Reproduce the listing below word for word, with no pictures.

● **INFORMATION PROVIDED**
-- Opening Marker --
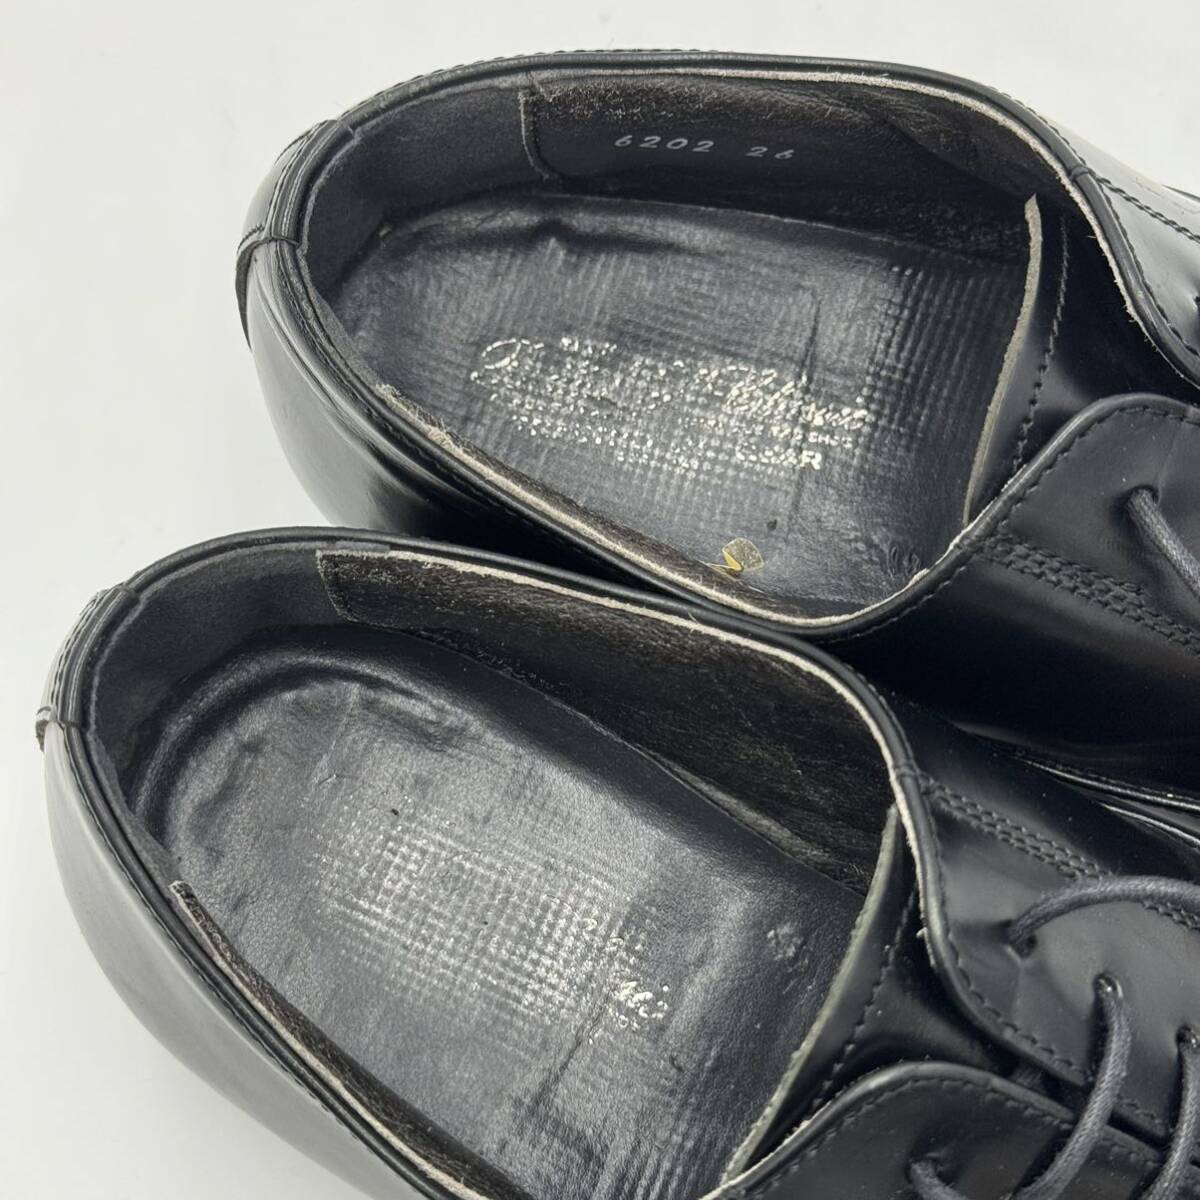 G ☆ 人気モデル!! '日本製' ブランド不明 レザー ビジネスシューズ 革靴 ストレートチップ 内羽根式 size:26.0cm EEE メンズ 紳士靴 BLKの画像8
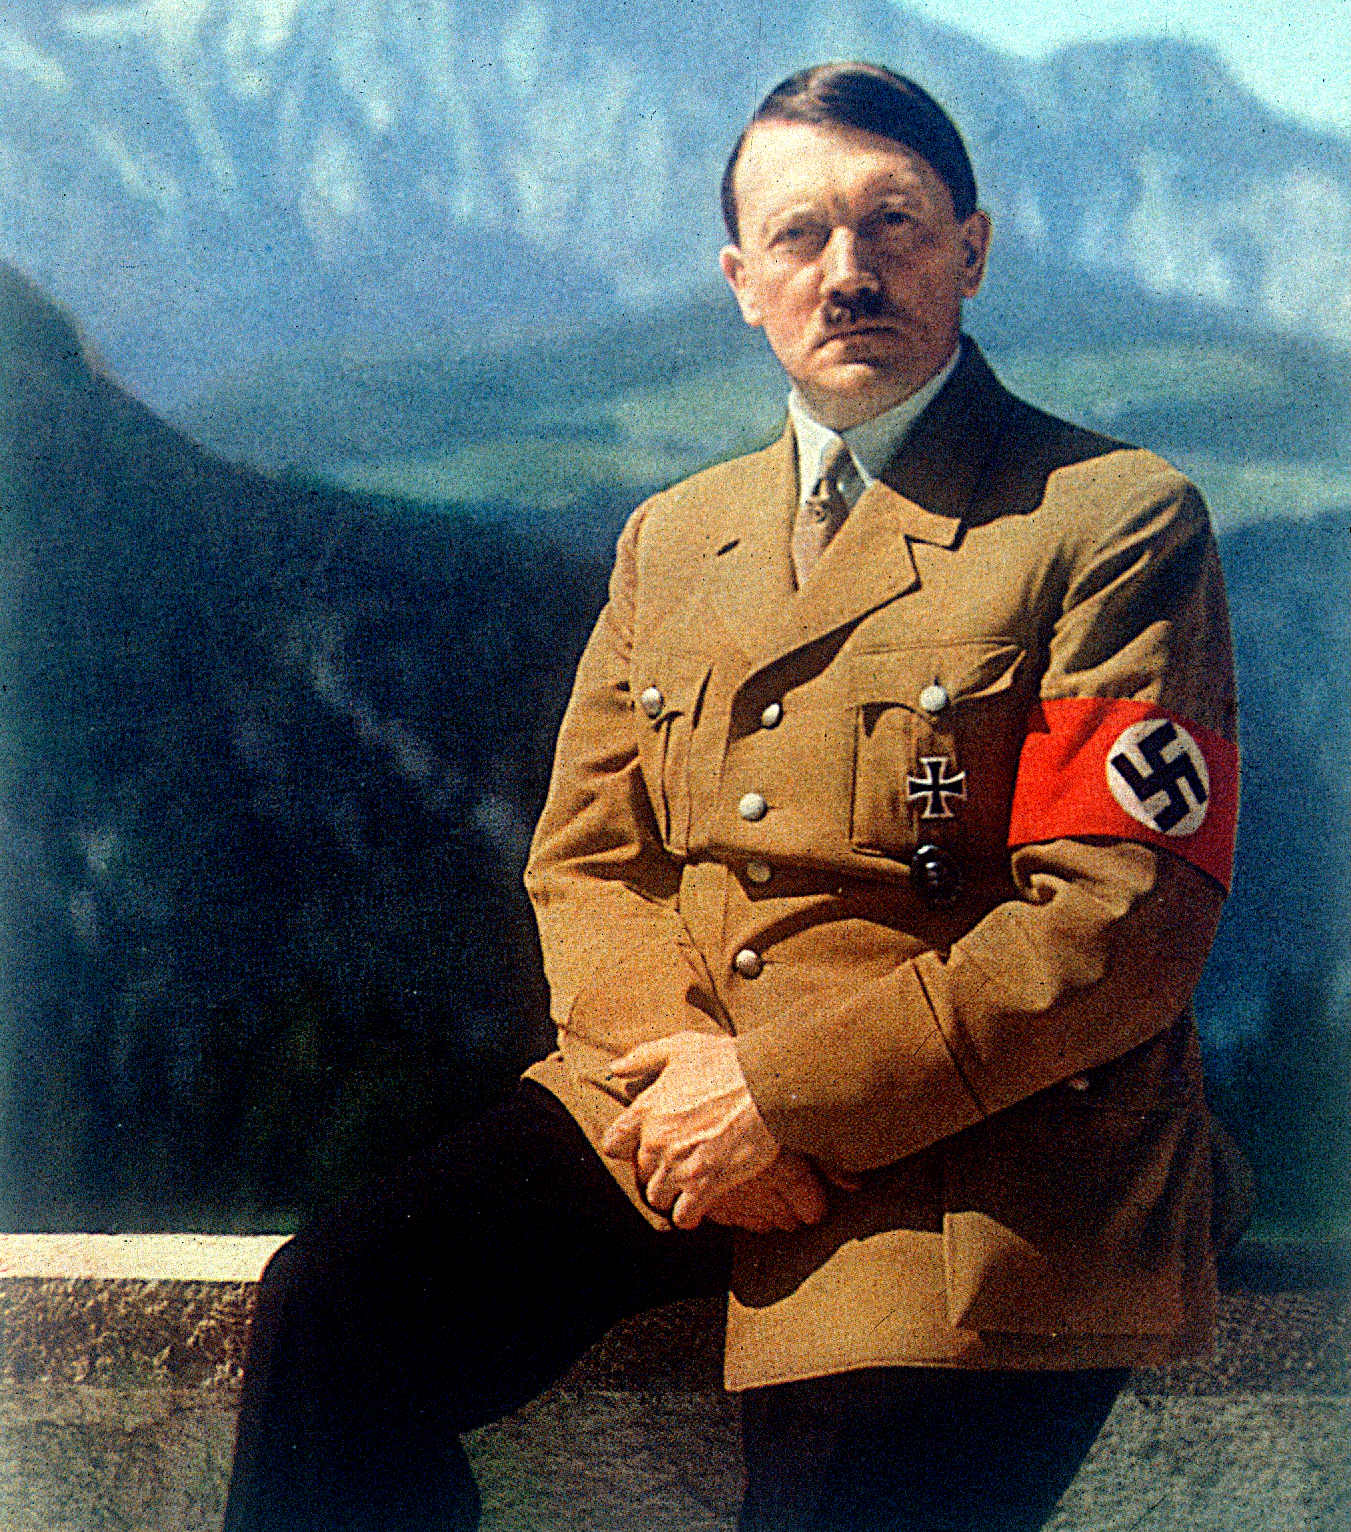 Adolf Hitler, Der Fuhrer, Chancellor of Nazi Germany
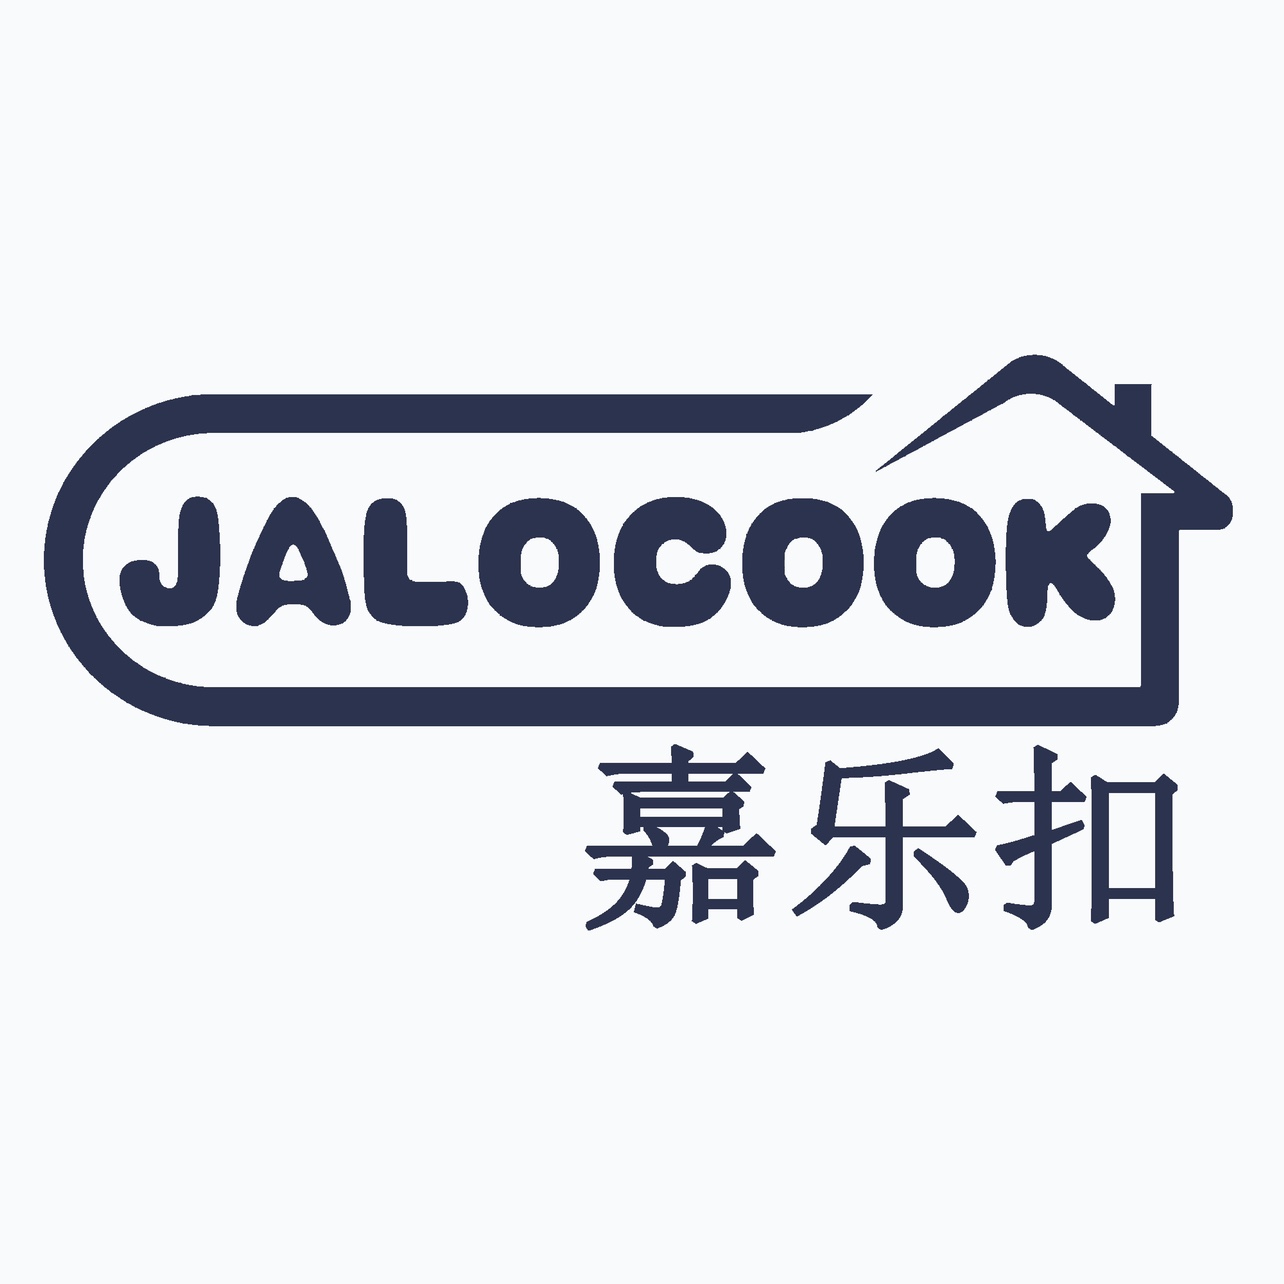  JALOCOOK品牌店
-- Closing Marker --
● **EXERCISE RESPONSE**
 G ☆ 人気モデル!! '日本製' ブランド不明 レザー ビジネスシューズ 革靴 ストレートチップ 内羽根式 size:26.0cm EEE メンズ 紳士靴 BLKの画像8
 Adolf Hitler, Der Fuhrer, Chancellor of Nazi Germany
  JALOCOOK品牌店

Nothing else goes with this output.